“We heard that, it’s absurd. When you live here, I wonder how you can believe such things which are pure invention”, reacts Polina Pushintseva who lives on the fourth floor of a building located opposite the center “Amstor”, when asked about the Moscow version.

“Next to ‘Amstor’ in this neighborhood there is absolutely no military infrastructure, nothing at all. And behind the shopping center there is a soccer field,” said another resident of the neighborhood, Antonina Choumilova.

The Russian army claimed to have struck a warehouse of Western weapons located in a nearby construction machinery factory, the fire of which would have spread to the shopping center, which it said was disused.

– No trace of military stock –

A ten-minute walk from Amstor is a factory that manufactures construction machinery. It was visited on Tuesday by AFP journalists, who found that one of its buildings is destroyed, while the others remain intact. There was no military equipment there.

Twenty-four hours after the attack, the inhabitants of the district remain in shock.

“I was in the kitchen and I heard a racket, the windows were shattered,” says Polina Pushintseva.

The building, in this city in the center of the country more than 200 km from the front line, was largely reduced to a heap of charred debris and sections of wall blackened by smoke. A few green letters from its sign remained atop the roof with bits of burnt plastic dangling.

The missile strike ignited and destroyed the mall at a time when it was “busy”, according to Ukrainian authorities.

“Everything burned, really everything, like a spark. I heard people screaming, it was horrible. I knew people who work in this center, but they are no longer there”, says Ms. Pushintseva, still upset tuesday.

“I can’t find the words to explain this,” she said. “They are just killing people who have done nothing wrong.”

– “Two explosions spaced one second apart” –

Four giant cranes are installed on the site to lift pieces of metal structures. The parking lot is occupied by fire trucks, rescue vehicles, a few Ukrainian army trucks.

Clearing operations were halted for more than an hour on Tuesday when shelling sirens sounded.

Antonina Choumilova observes what is happening from her beauty salon, whose glass door has been shattered, in a street located just opposite the shopping center.
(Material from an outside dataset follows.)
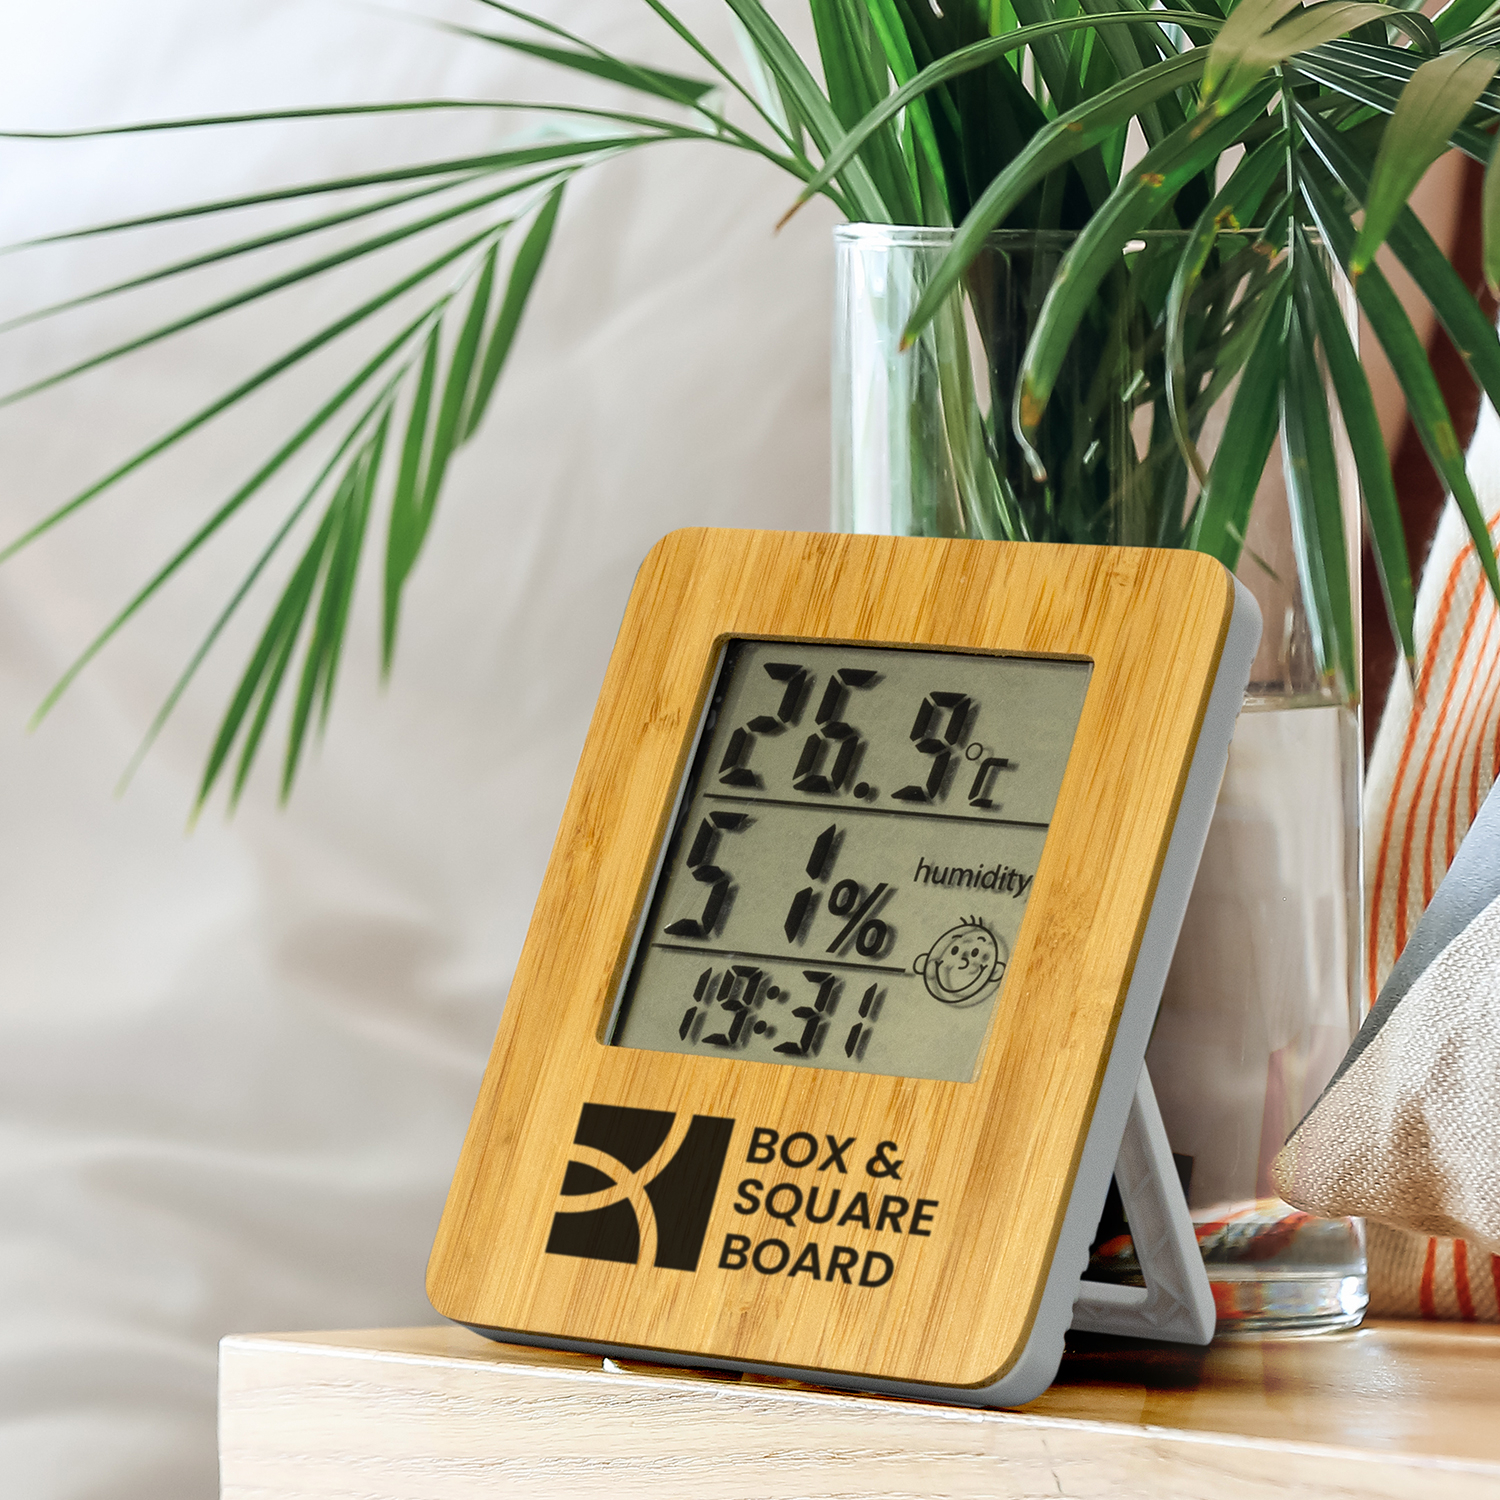 Bamboo Weather Station Features
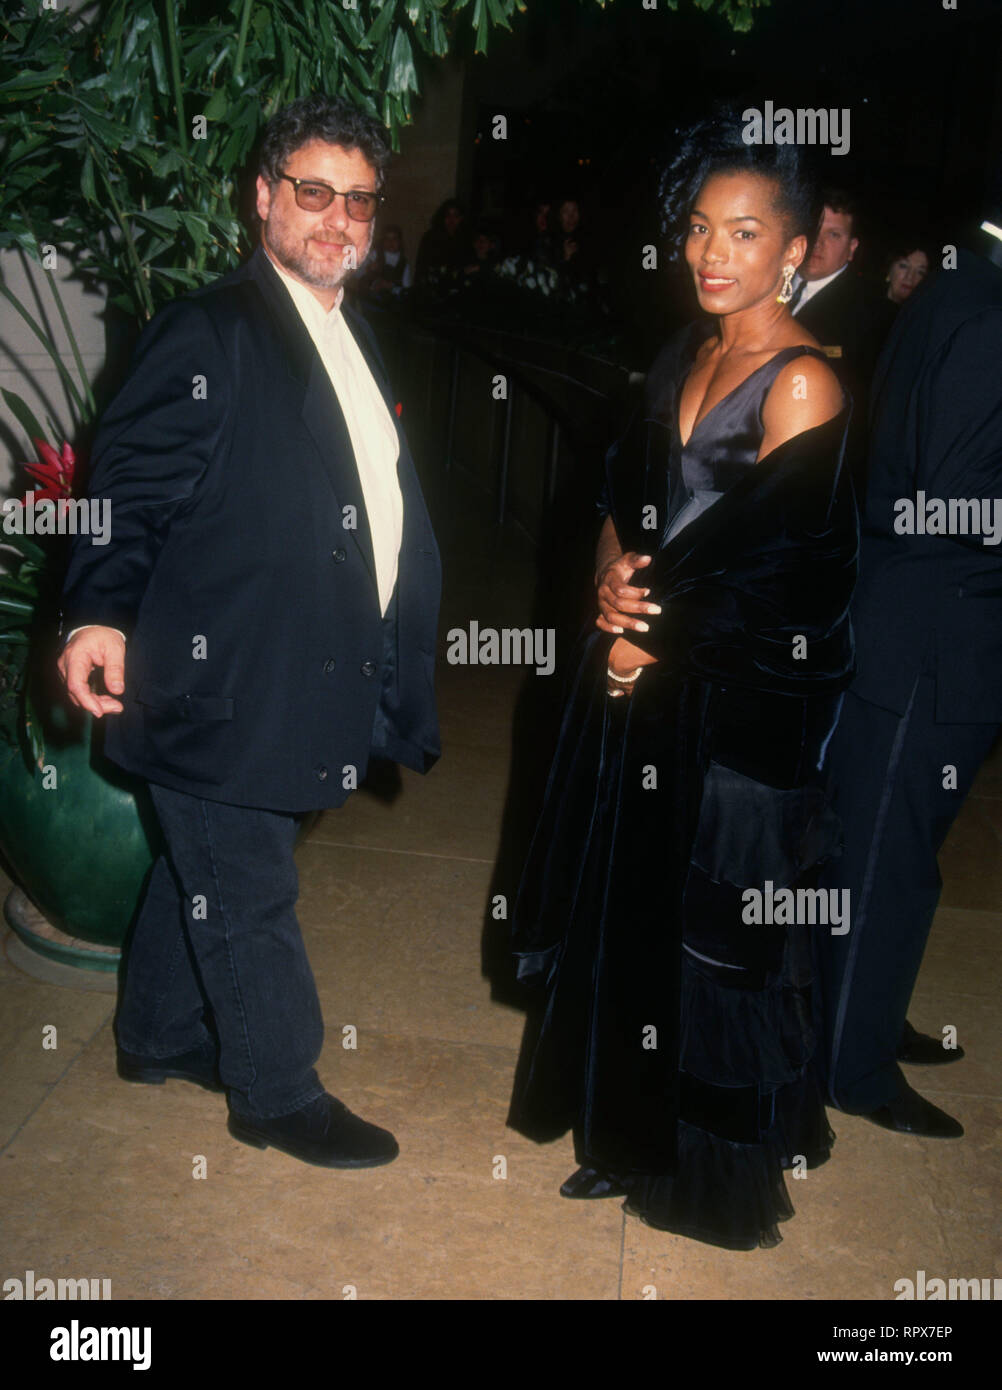 BEVERLY HILLS, CA - JANUARY 22: Manager Barry Krost and actress Angela Bassett attend the 51st Annual Golden Globe Awards on January 22, 1994 at the Beverly Hilton Hotel in Beverly Hills, California. Photo by Barry King/Alamy Stock Photo Stock Photo

Shortly before the Russian strike, she says, “there was the air warning siren, and ten minutes later, two explosions spaced one second apart”.

At the time of the explosions, she had a client. They rushed inside the living room and waited a bit before stepping out into the street, she said.

“After a quarter of an hour, everything had already burned down and there were a lot of people, it’s horrible,” she says, referring to the victims.

In a fire at very high temperatures like this, fire commander Ivan Melekhovets told AFP, “you have no chance of surviving”.

“The hardest thing is to see the corpses, adults, children”, adds this firefighter who took part in the rescue operations on Monday. “Now we are working to find people who are missing, between 50 and 60,” he said.